Notícia da edição impressa de 30/05/2016. Alterada em 30/05 às 08h54min

Trogildo quer maior visibilidade às ações da Câmara

"Não teremos dificuldades à boa discussão de projetos no período das eleições"


MARCELO G. RIBEIRO/JC
Juliana Mastrascusa, especial para o JC
Em seu primeiro mandato como vereador, coube a Cassio Trogildo (PTB) presidir a Câmara de Porto Alegre no ano das eleições municipais. Para o parlamentar, que já foi secretário municipal de Obras e Viação, o Legislativo enfrenta dificuldades na divulgação dos debates que ocorrem na Câmara. A gestão de Trogildo tem buscado alternativas para aumentar a transparência, como a mudança dos períodos de ordem do dia para segundas-feiras e quintas-feiras. Com isso, todas as votações serão transmitidas ao vivo pela TV Câmara.
Para o vereador, mesmo com as mudanças, ainda é difícil dar publicidade às ações. "Não temos condição de comunicar com o conjunto da população. Não temos recurso de publicidade para anunciar aquilo que a Câmara faz. Isso não significa que a Câmara não trabalha, muito pelo contrário", ponderou.
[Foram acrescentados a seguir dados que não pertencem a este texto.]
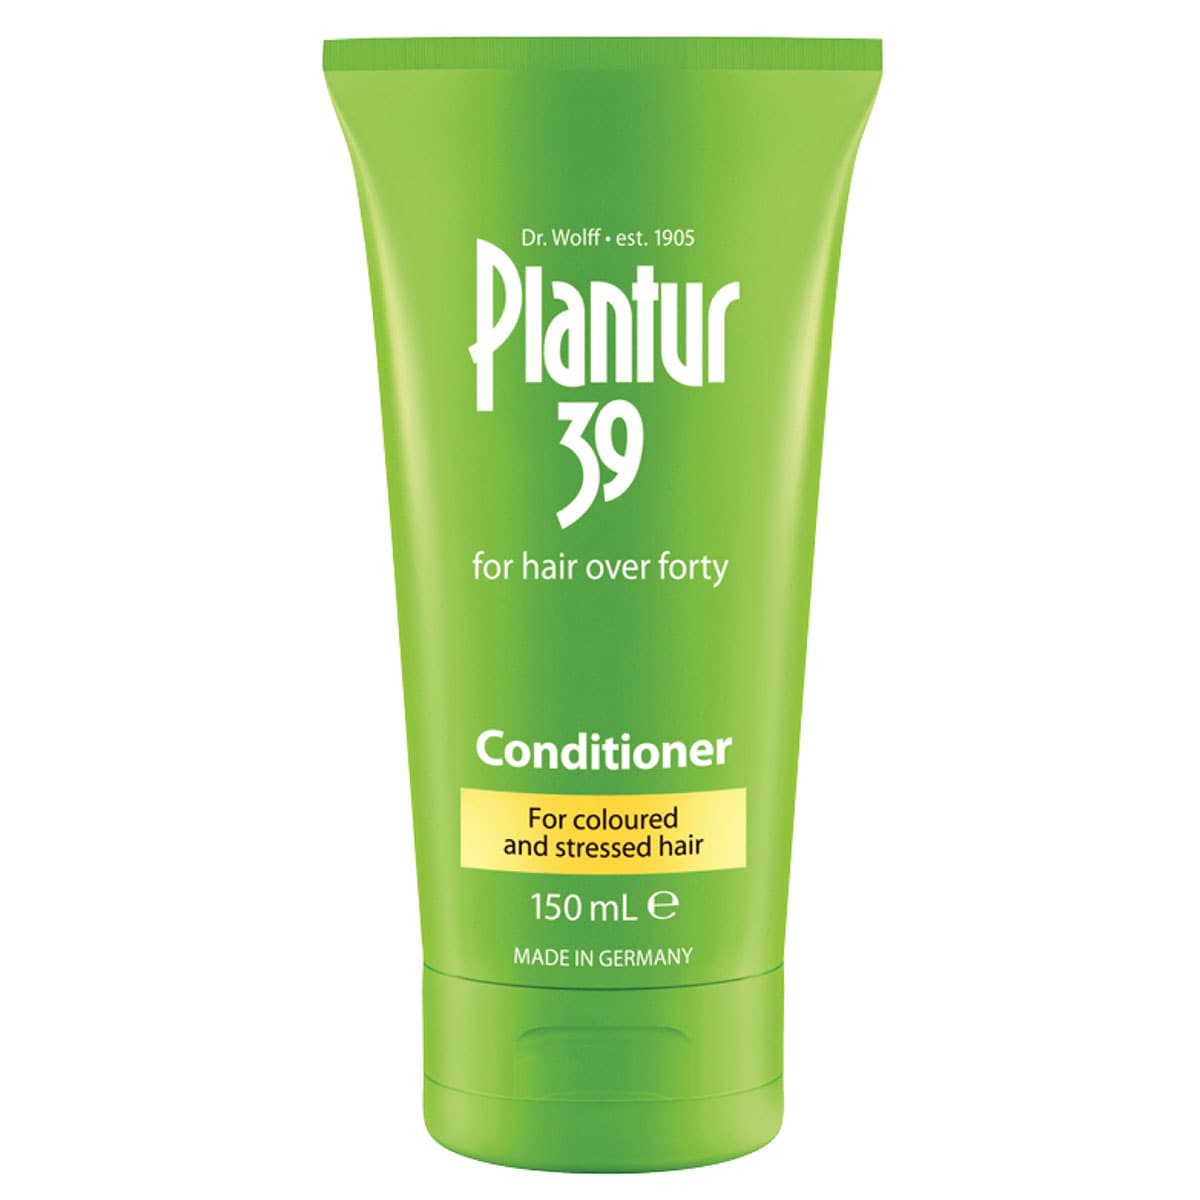 Plantur39 Conditioner Coloured & Stressed Hair 150ml

Nesta entrevista ao Jornal do Comércio, o parlamentar também abordou a regulamentação do Uber, que tramita na Casa.
Jornal do Comércio - Como avalia a sua atuação até aqui na presidência na Câmara de Porto Alegre?
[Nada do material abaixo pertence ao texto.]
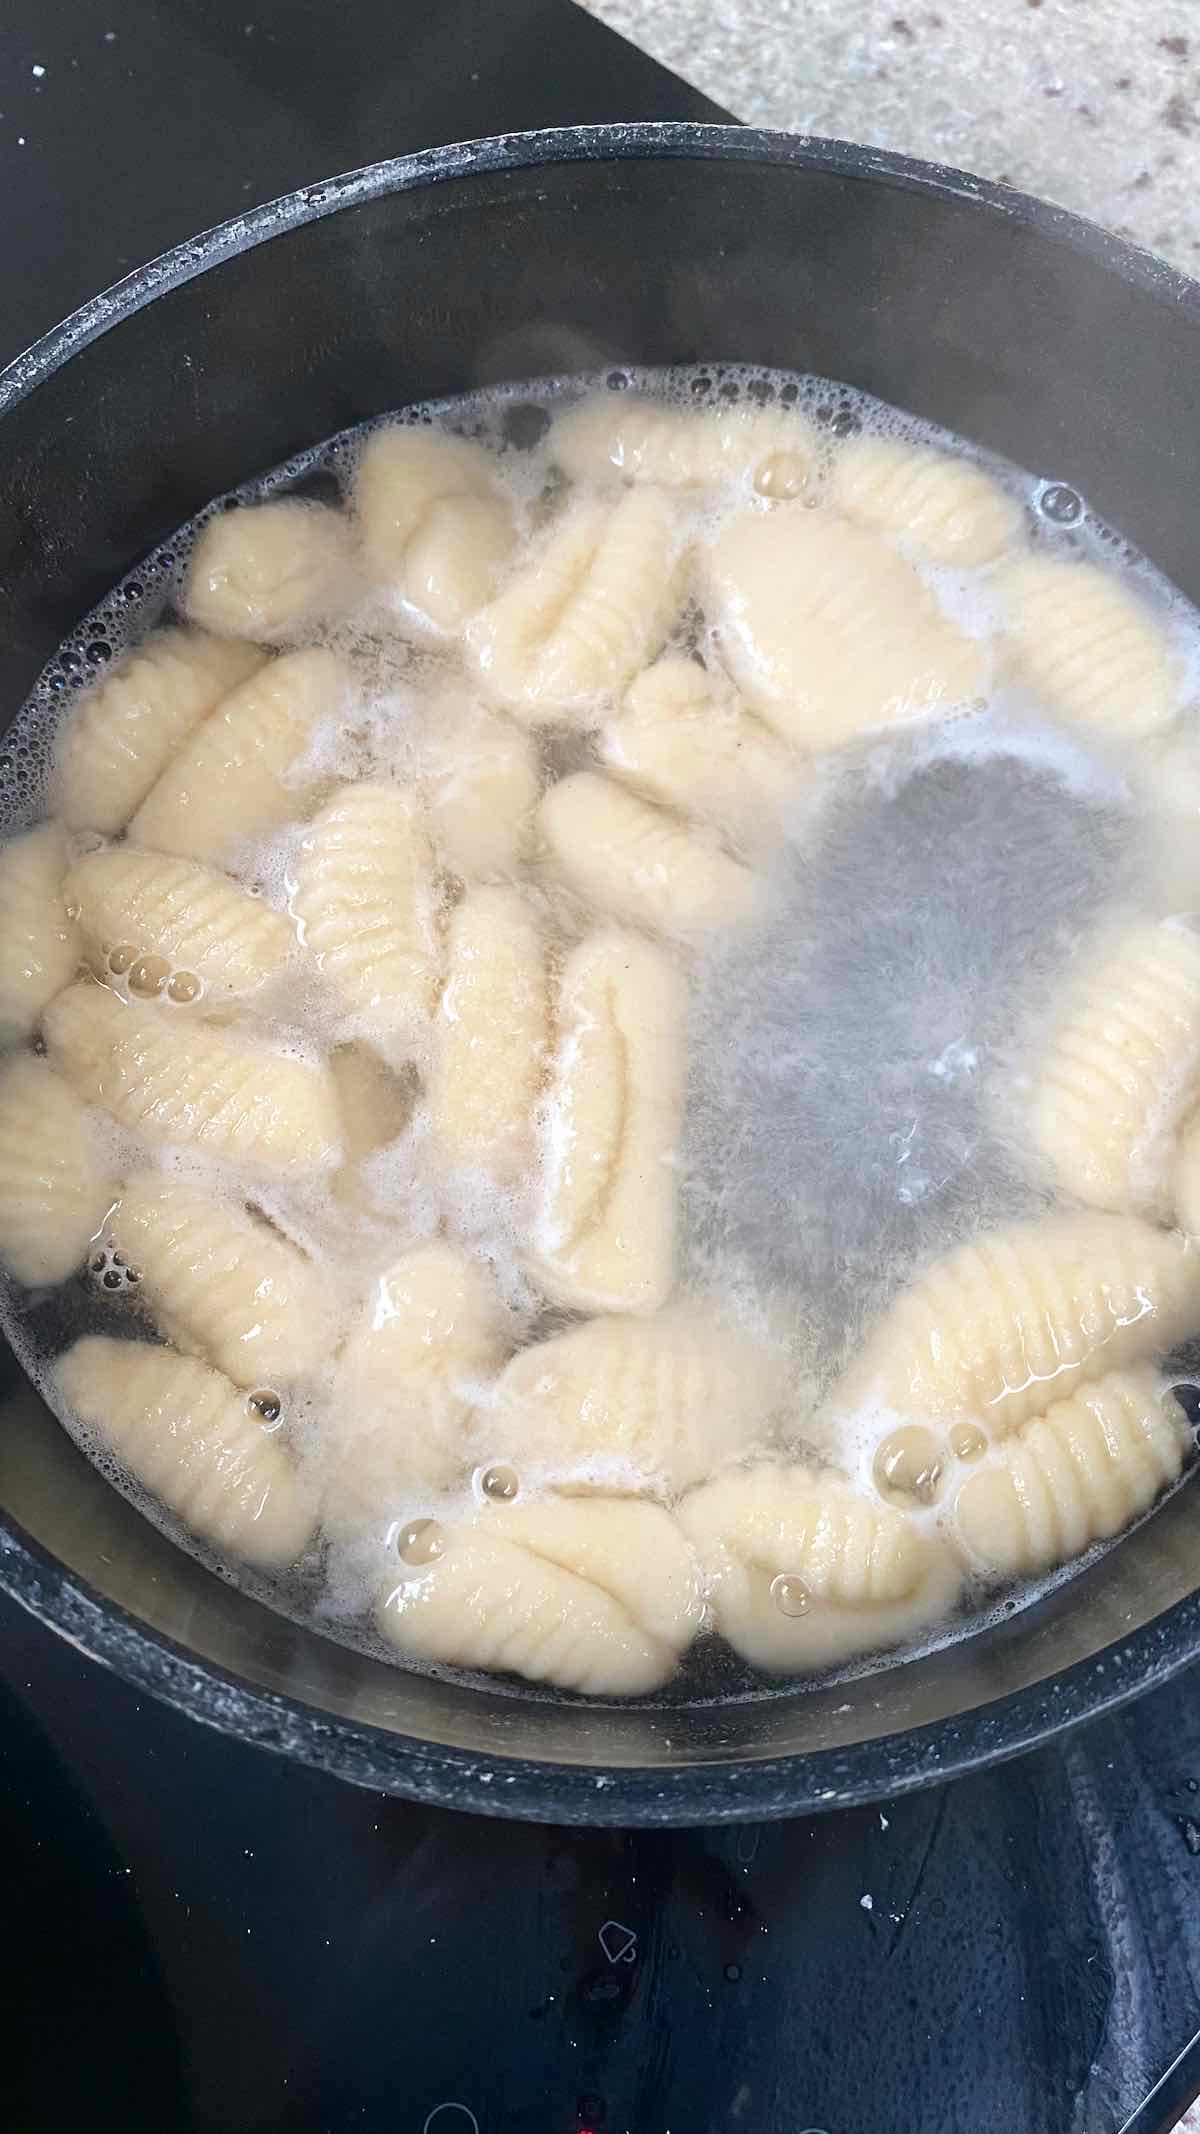 Boiling gnocchi in a pot

Cassio Trogildo - A Câmara é um espaço muito importante da democracia da cidade, e poder ter a oportunidade de presidir o Legislativo municipal não poderia dizer que seria menos do que muito gratificante. Somos 36 vereadores, e as maiores bancadas indicam os presidentes para cada um dos anos da legislatura. O PTB estava, desde o início, como uma das maiores bancadas, já ajustado para ter o quarto ano da presidência, e eu fui líder do partido desde o primeiro ano. A condição de presidente fez com que retomasse uma atividade que fazia quase quatro anos que eu não desenvolvia, que era o exercício de gestão. Trabalhei na Secretaria Municipal de Obras e Viação (Smov) por quase oito anos, onde tive uma experiência bastante importante de gestão. Como presidente da Câmara, existe um acúmulo de atribuições. É a função do legislador, fiscalizador e debatedor dos grandes projetos da cidade, com a função do gestor público, responsável, juntamente com a Mesa Diretora e os diretores da Câmara, por gestar a parte administrativa da Casa.
JC - Como presidente da Câmara, o senhor conduziu mudanças regimentais, como a troca das sessões de quarta-feira para quinta-feira. A sua experiência como gestor influenciou nisso?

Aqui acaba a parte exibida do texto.